Cybernetics (from the Greek word κυβερνήτης for a helmsman) is the name of the cross-disciplinary field which studies regulatory systems, not only mechanical, but also in animals and in social systems.

Although the term ‘cybernetics’ is hardly used these days, computer programs have vastly extended the scope of machine interactions with the environment. An ATM, for example, has multiple input steps – it reads your card’s chip, asks for and processes your PIN, asks how much cash you want to take out. As for your word processor, it is constantly scanning to see what key you will press next, or what menu command you will invoke.

Here, the algorithmic system is made more complex by the loops in the software which scan for input and use if–then–else loops to evaluate and act accordingly.

Interactive algorithmic software is very complex – perhaps nobody on the engineering team fully understands what is going on beneath the hood. However, it is in principle knowable, and also, it is incapable of autonomous ‘thought’. The systems critiqued in Cathy O’Neil’s Weapons of Math Destruction are all of this type: they are not artificial intelligences.

The quest for ‘artificial intelligence’

The intellectual background to the postwar vision of creating a machine which could replicate human intelligence, has surprisingly deep roots in the philosophical and mathematical thinking of Ramon Llull, René Decartes, Thomas Hobbes, Gottfried Liebnitz and others, who shared a tradition of seeing formal logic as the epitome of thought, and considered that all rational decision-making could in principle be reduced to logical operations.

The Dartmouth summer school proposal

The historic Dartmouth College proposal document which started the discipline of artificial intelligence studies is available online as a scanned typescript.

From the 1930s, neurology demonstrated that the brain was an electrical network of neurons, communicating by firing all-or-nothing pulses across the synapses; contemporaneously, Claude Shannon’s information theory described all-or-nothing digital signals; and Alan Turing’s theory of computation showed that any mathematical operation could be done digitally, with ones and zeros. The confluence of these ideas suggested in the late 1940s that an artificial brain could be made.

The term ‘artificial intelligence’ itself was coined in 1956 to advertise a summer brainstorming workshop at Dartmouth College, which can be said to have founded the subject as an academic field of study. It was organised by mathematician John McCarthy; amongst those who attended were Claude Shannon and Marvin Minsky. The proposal for the workshop offered this definition:

‘The [summer school] study is to proceed on the basis of the conjecture that every aspect of learning or any other feature of intelligence can in principle be so precisely described that a machine can be made to simulate it.

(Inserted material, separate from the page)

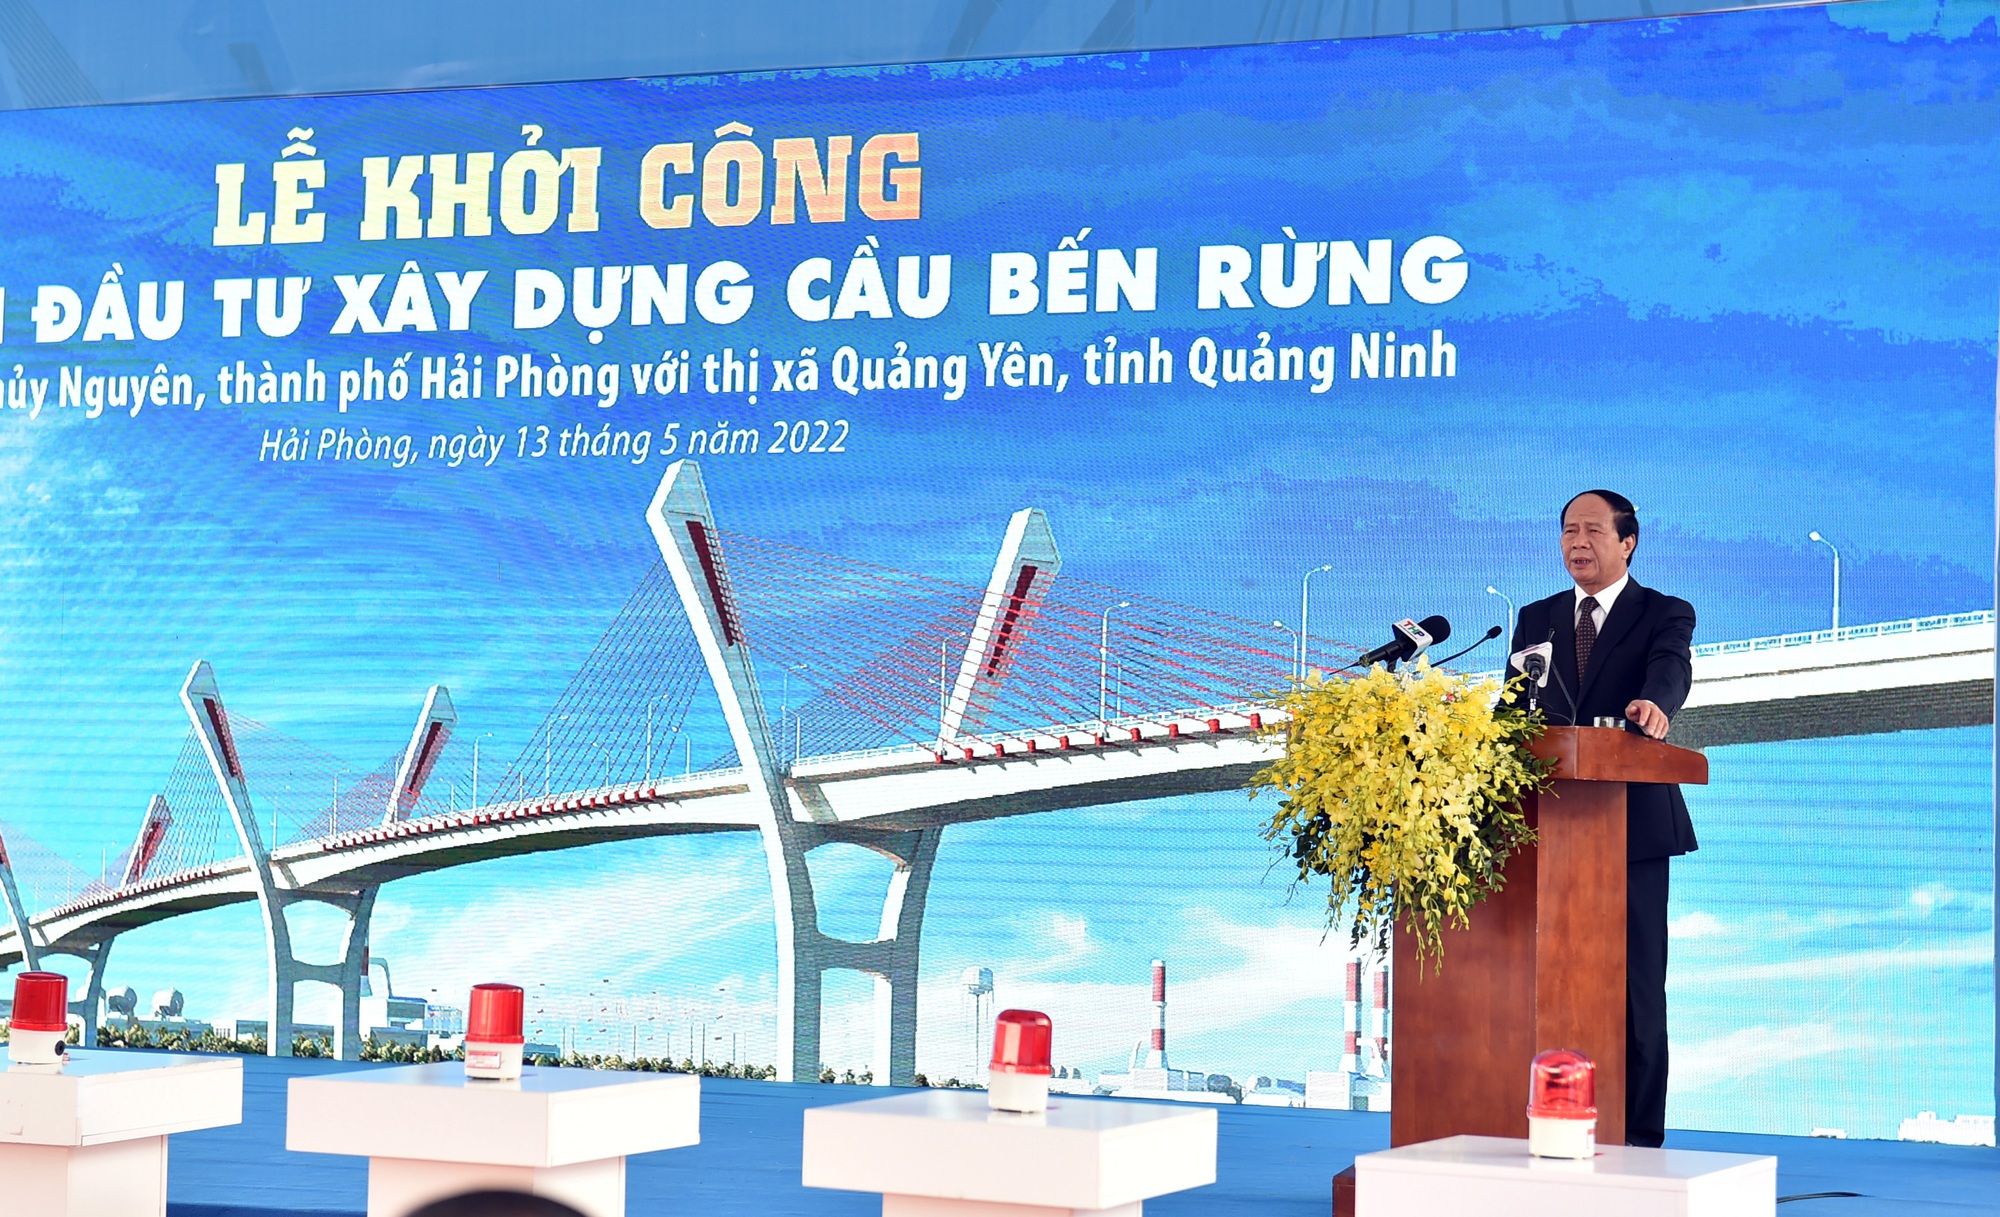 Phó Thủ tướng Lê Văn Thành bấm nút khởi công xây dựng cầu Bến Rừng, nối Hải Phòng với Quảng Ninh - Ảnh 1.
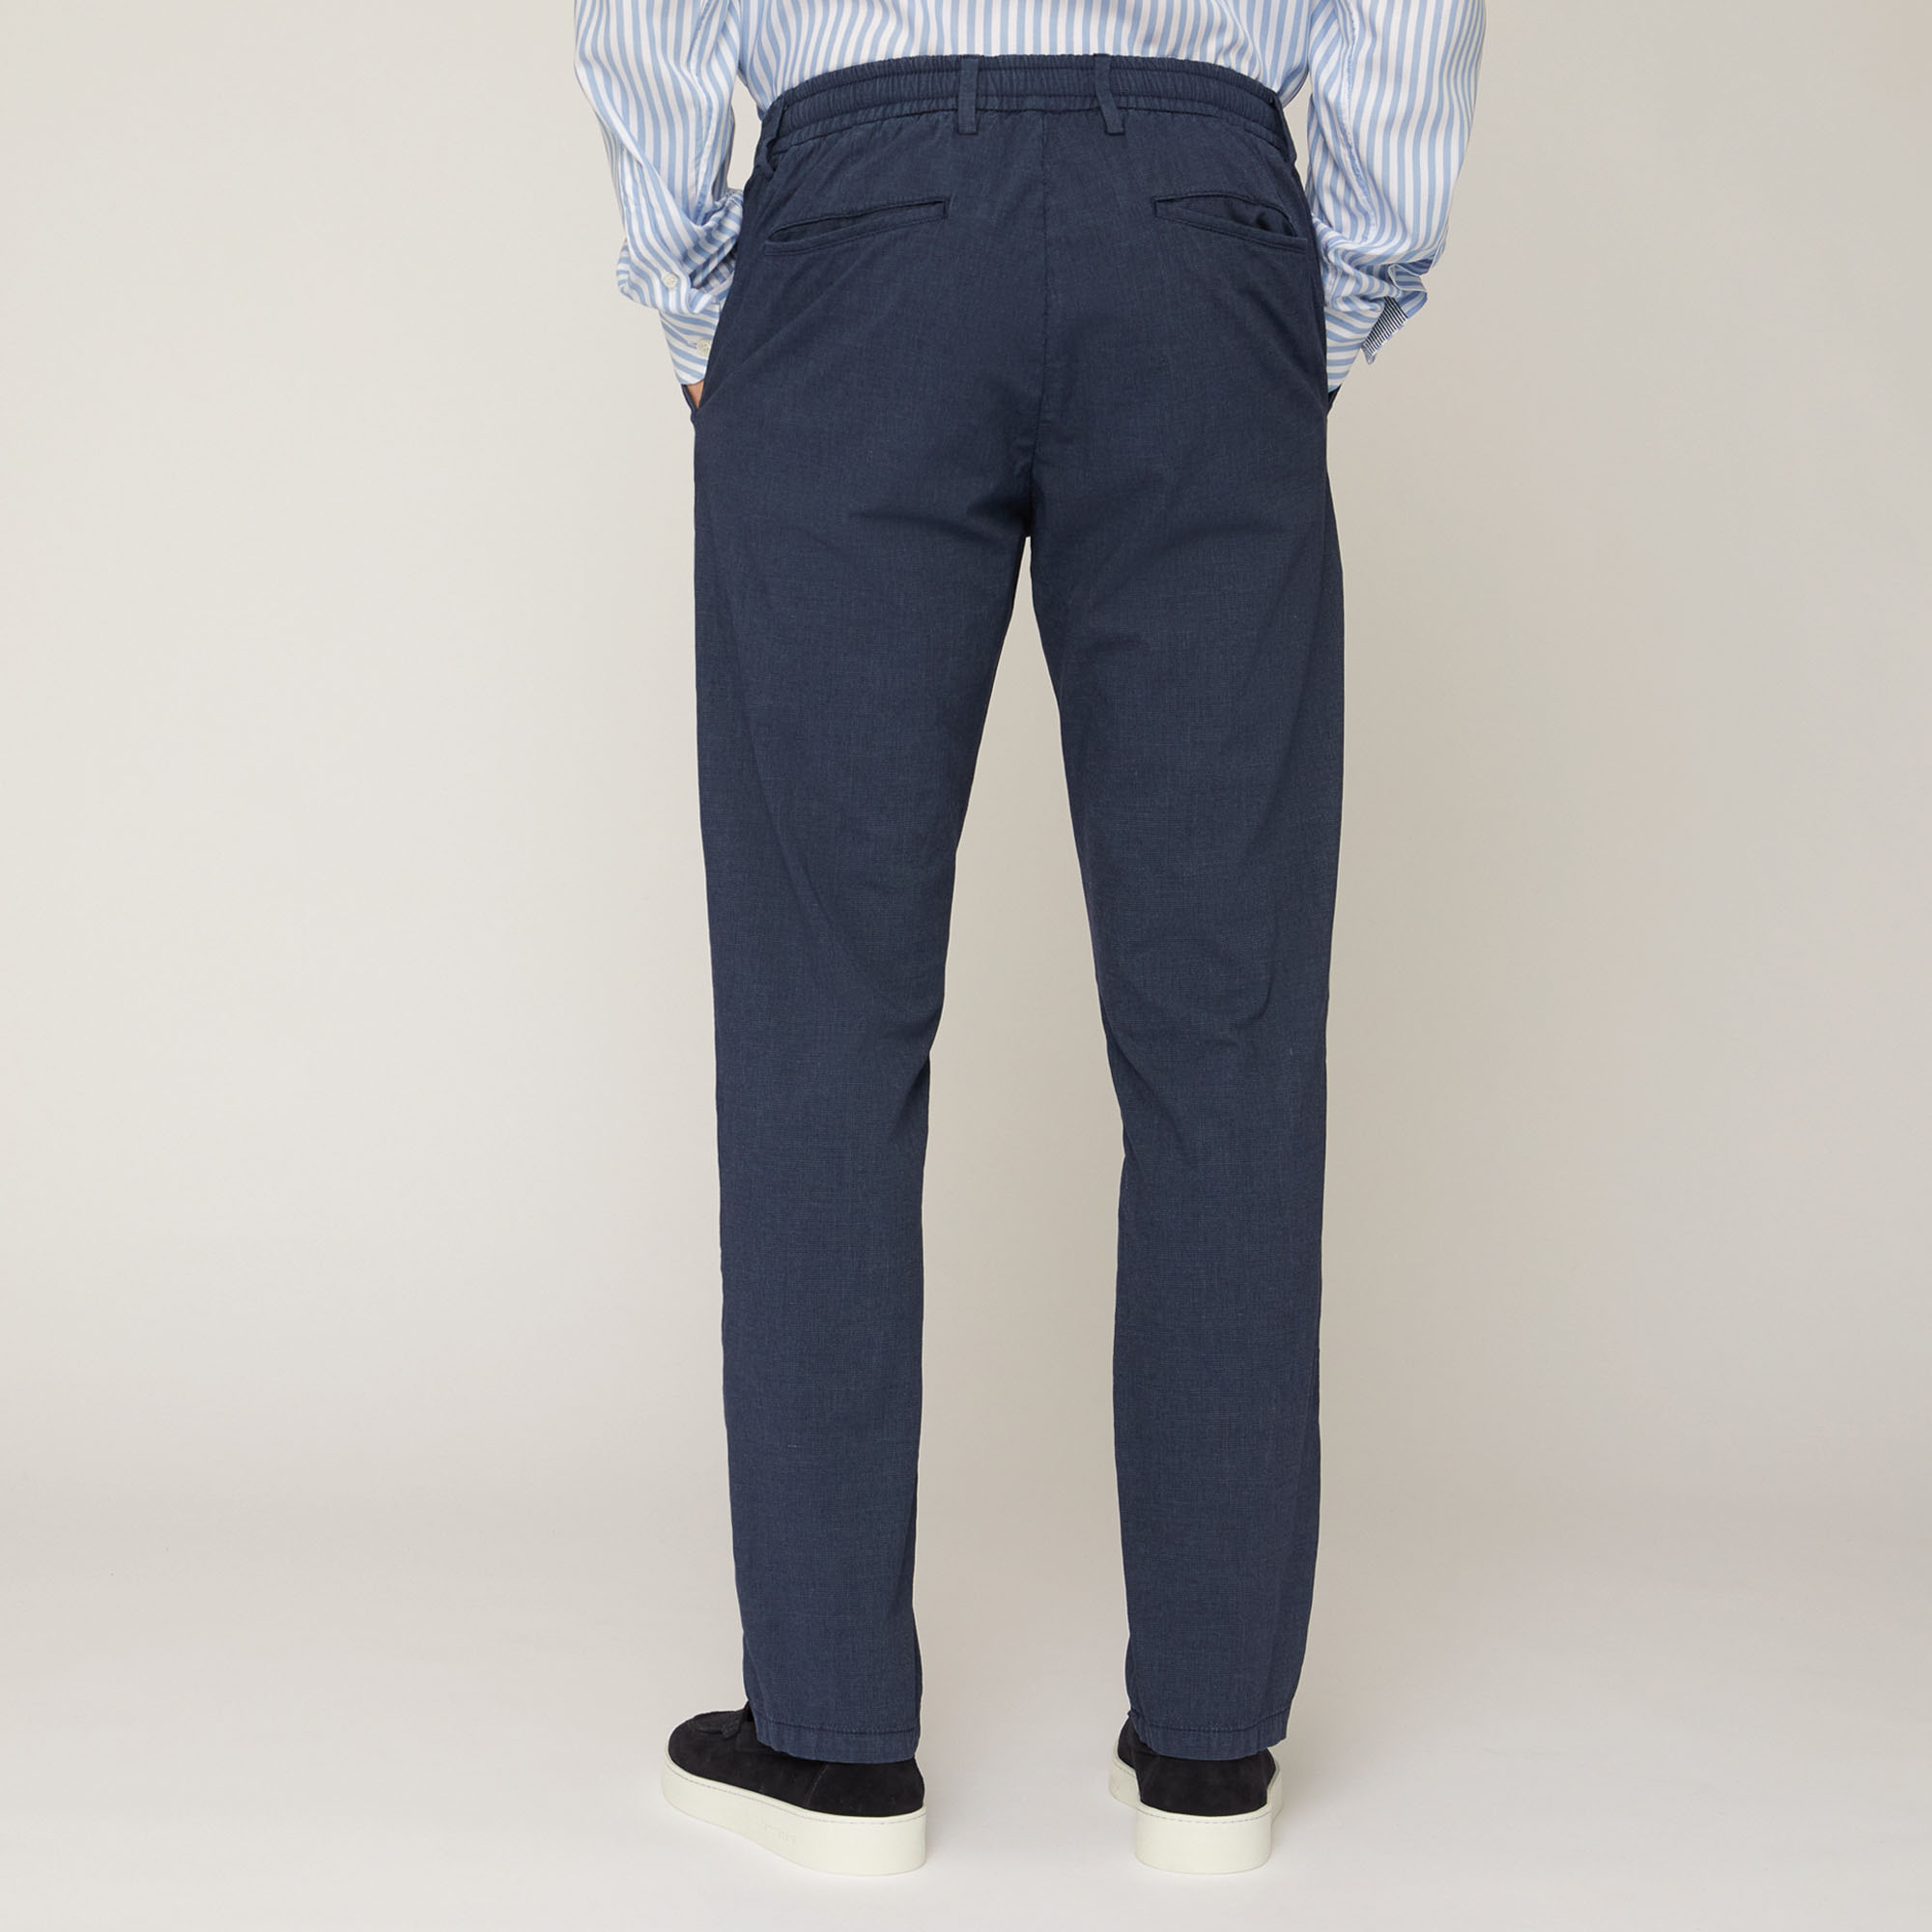 Cotton-Blend Jogging Pants, Blue, large image number 1

An attempt will be made to find how to make machines use language, form abstractions and concepts, solve kinds of problems now reserved for humans, and improve themselves.’

(The typed proposal is online as a scanned document at http://raysolomonoff.com/dartmouth/boxa/dart564props.pdf)

Thus it can be seen that at the outset, the AI enthusiasts seemed to have a rather reductionist view of what human intelligence is, and great optimism about the speed at which a machine version of it might be achieved.

Early hype and hubris about AI

Early progress in getting machines to play games, solve algebraic problems etc. encouraged a great deal of optimism, and enthusiasts talked up the field, claiming that fully intelligent machines were only two decades away, or less. Consider Marvin Minsky’s prediction in Life magazine (1970) – ‘In from three to eight years we will have a machine with the general intelligence of an average human being’. Large grants were made available from government sources such as the US Defense Advanced Research Projects Agency (DARPA).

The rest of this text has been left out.